# really Old Power Spec PC case MOD



## BigBig5 (Oct 26, 2010)

There's a really old Power Spec PC case laying around my house, getting all dusty so I started to think of mod for it. It's a Min Tower thats for a Micro ATX. The case is all plastic with a thin layer of metal behind it , but the chassis is all metal. Pics of the case will be put up soon.
The Hardware TBA

*Things to do:*

Cut a 120mm blow hole for the front.
Cut out the 80mm rear mesh and add a wire grill painted Orange.
Add black mesh to the front.
Get new PCI slot covers and drive bay covers.
Cut a window out.
Paint the out side gloss black.
Paint the chassis gross black, but not the drive bays and slot covers.
Paint Drive bays and slot covers gloss orange.


----------



## BigBig5 (Oct 27, 2010)

Here is the case all taken apart.












Drive Cage.






Tin metal behind the side panel and there is one under the top panel.

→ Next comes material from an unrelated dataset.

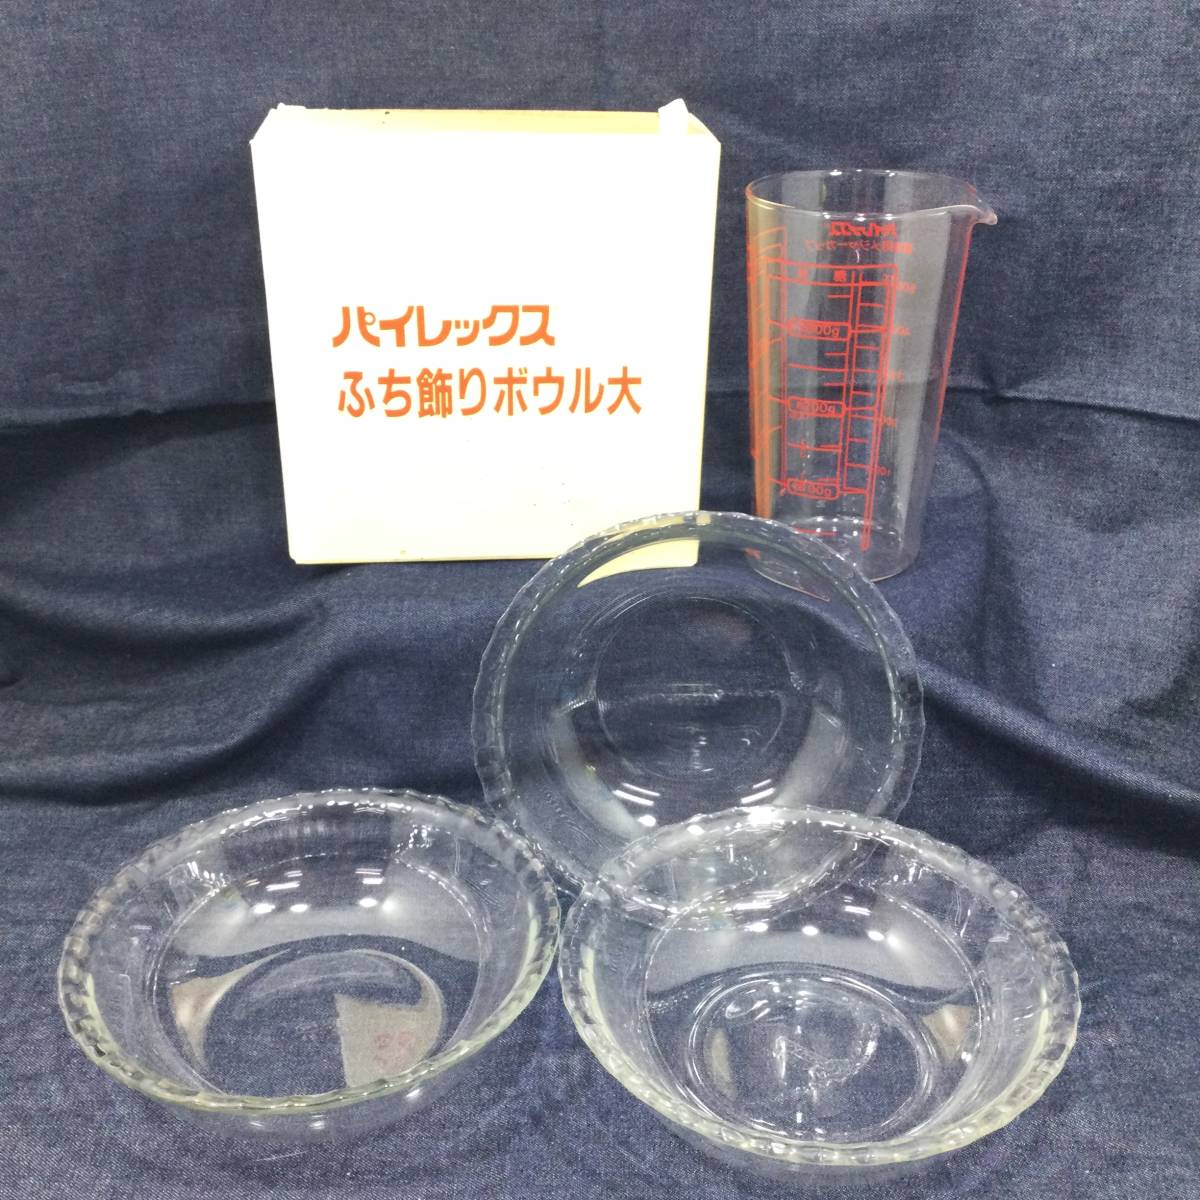 [ unused contains ] Pyrex light weight cup brink decoration glass bowl 3 point contains heat-resisting set sale 4 point set wheat sugar Pyrex (H617)

Don't need because its going to be replace by mesh.


----------



## TIGR (Oct 27, 2010)

Welcome to TPU!

This could be fun to watch.


----------



## [Ion] (Oct 27, 2010)

Agreed, could be very cool!

Subscribed


----------



## assaulter_99 (Oct 27, 2010)

Subbed, just for the sake of seeing what becomes of the front facia. It so reminds me of the case I had back in the P3 days.


----------



## BigBig5 (Oct 27, 2010)

I might start this weekend, so keep watching.


----------



## [Ion] (Oct 27, 2010)

Cool 

I'm in Chapel Hill, so you're really close


----------



## BigBig5 (Oct 28, 2010)

Tonight I am going to draw out a window for it to see what it would look like.


----------



## BigBig5 (Oct 29, 2010)

I will be using Krylon Yellow-Orange Fluorescent Spray Paint to give it a pop with UV lights.


----------



## Anarchy0110 (Oct 29, 2010)

This is really cool 
Will stay up to watch this 
Welcome (again) and have fun at TPU


----------



## Frick (Oct 29, 2010)

Oh, I've had that case too. Will be fun to watch.


----------



## TSX420J (Oct 29, 2010)

Cool can't wait!!!


----------



## ERazer (Oct 29, 2010)

haha my dad actually got this case /sub


----------



## BigBig5 (Oct 29, 2010)

I found the back panel.


----------



## BigBig5 (Oct 29, 2010)

Here is the plan for the left side panel. The right side will have mesh just like the left


----------



## BigBig5 (Oct 29, 2010)

I might use gutter guard mesh.


----------



## esberelias (Oct 30, 2010)

Every time i see a case like this i instantly remember the first DOOM haha


----------



## BigBig5 (Mar 6, 2011)

Sorry for a long wait. I've been really busy with school.
Tomorrow I will post some pics. I cut out the mesh of the rear 80mm fan. In the middle of cutting the upper metal piece because it just looks bad. I would have the window cut, but don't know how to use my dads old jig-saw. He's out of town right now. Can't find a speed setting on it. I am not going to put mesh on the left side. I am thinking of putting mesh at the top and right side. Any thoughts


----------



## BigBig5 (Mar 6, 2011)

Can any one move this to the project logs.


----------



## tiro_uspsss (Mar 6, 2011)

wow..it has a *back* panel!


----------



## BigBig5 (Mar 8, 2011)

I am going to do some more on it tomorrow and have pics up. Got a metal mesh trash can from Walmart for around $9. Its way cheaper then modders mesh and looks great.
Mesh looks like this.


----------



## Brandenburg (Mar 8, 2011)

subscribed..


----------



## esberelias (Mar 8, 2011)

BigBig5 said:


> I am going to do some more on it tomorrow and have pics up. Got a metal mesh trash can from Walmart for around $9. Its way cheaper then modders mesh and looks great.
> Mesh looks like this.
> 
> http://www.istockphoto.com/file_thu.../2/istockphoto_293535-wire-mesh-trash-can.jpg





Hahaha Genius!


----------



## t_ski (Mar 9, 2011)

There was a mod I saw a long time ago that was made out of a stainless steel trash can.  You know, the kind with the foot lever to open the lid?


----------